• [Problem details]
Below are entries with pictures among them; reproduce exactly, and only, the lines from the one containing "Un ambiente relajado" down to the one containing "2 architek wnetrz", without the pictures.

• [Dataset]
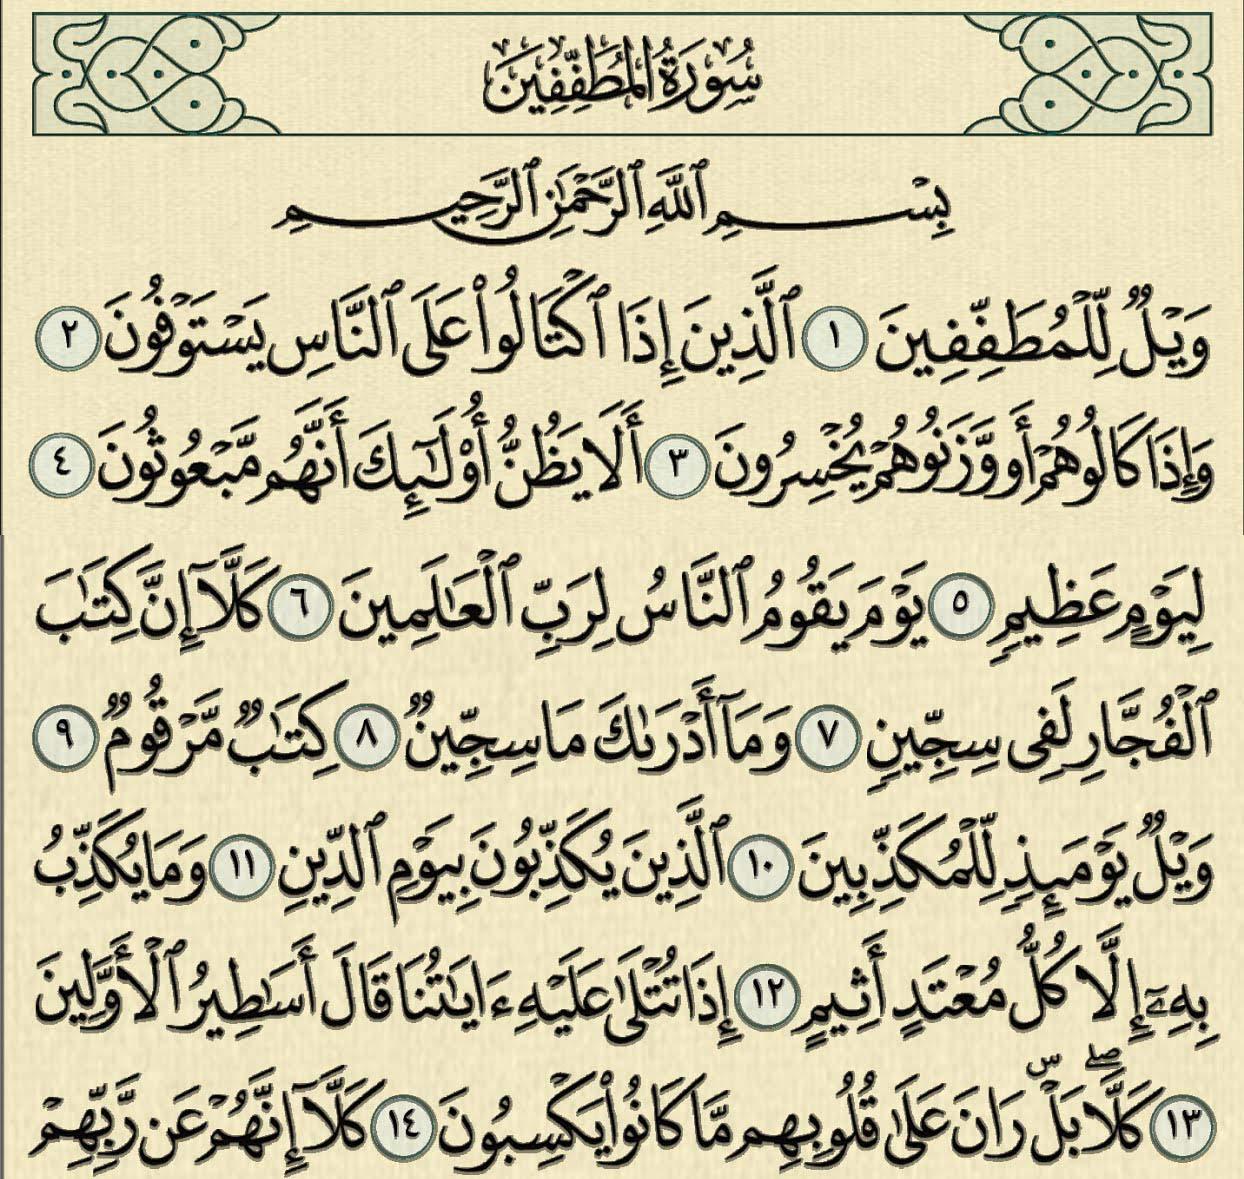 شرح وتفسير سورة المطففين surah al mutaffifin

---

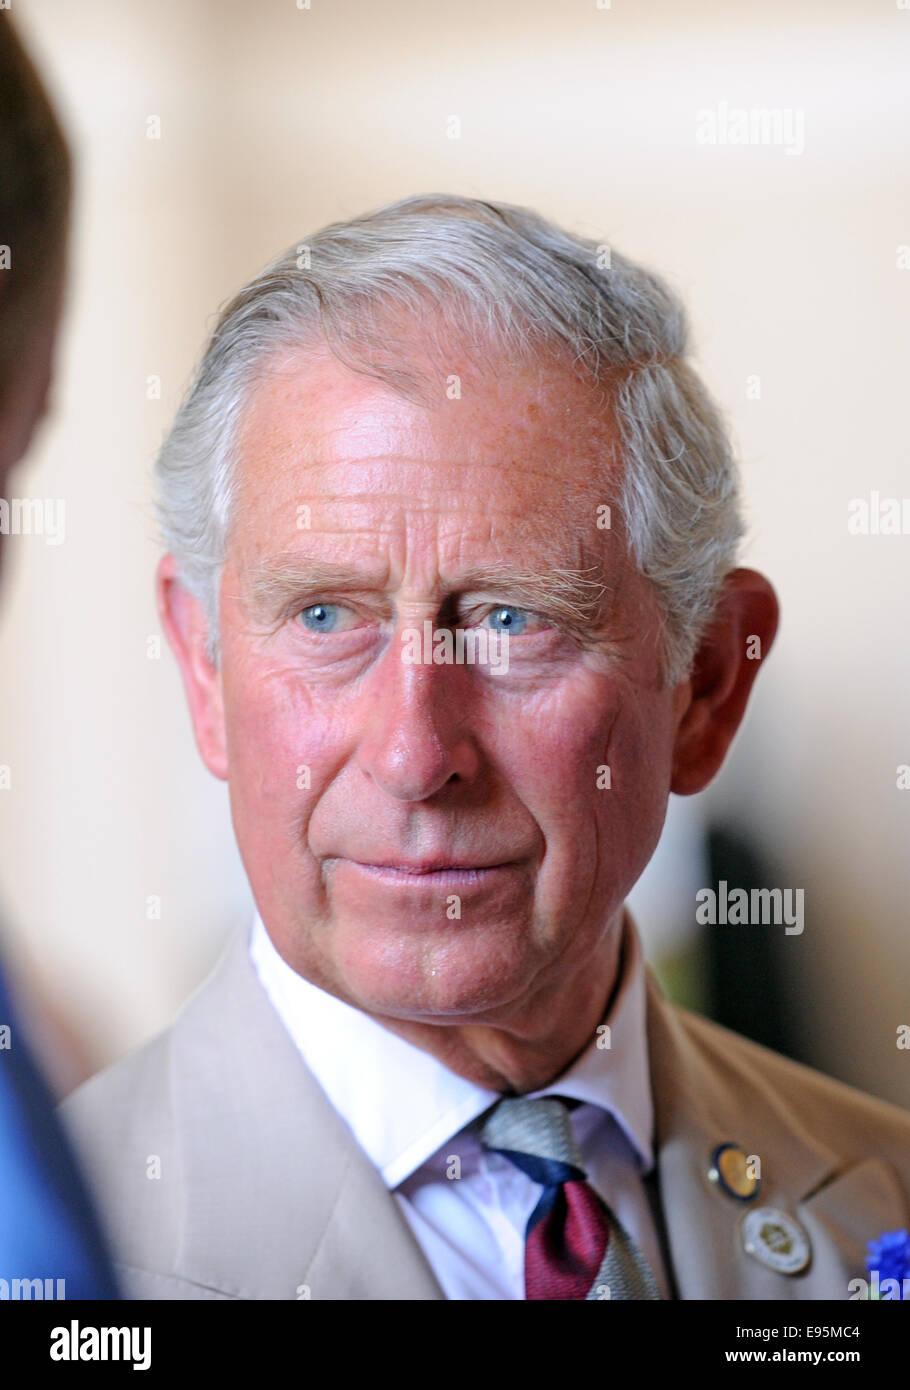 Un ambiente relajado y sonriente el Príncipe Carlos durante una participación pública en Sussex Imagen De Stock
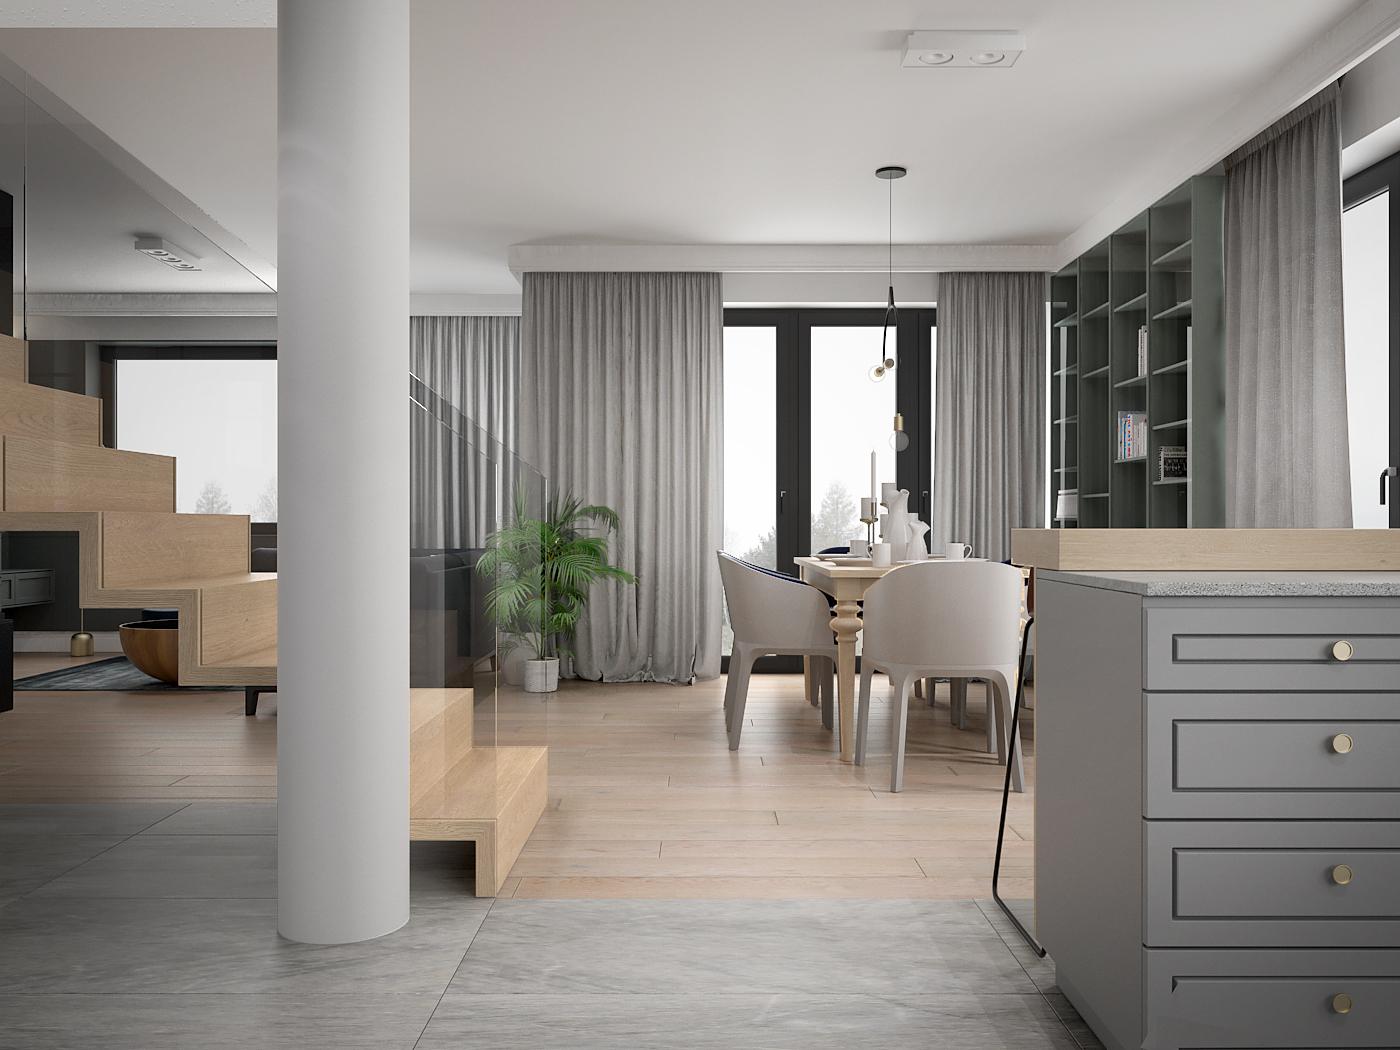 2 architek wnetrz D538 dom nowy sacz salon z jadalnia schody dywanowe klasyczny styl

* * *

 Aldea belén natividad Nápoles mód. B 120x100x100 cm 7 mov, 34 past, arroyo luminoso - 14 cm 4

• [Task response]
 Un ambiente relajado y sonriente el Príncipe Carlos durante una participación pública en Sussex Imagen De Stock
 2 architek wnetrz D538 dom nowy sacz salon z jadalnia schody dywanowe klasyczny styl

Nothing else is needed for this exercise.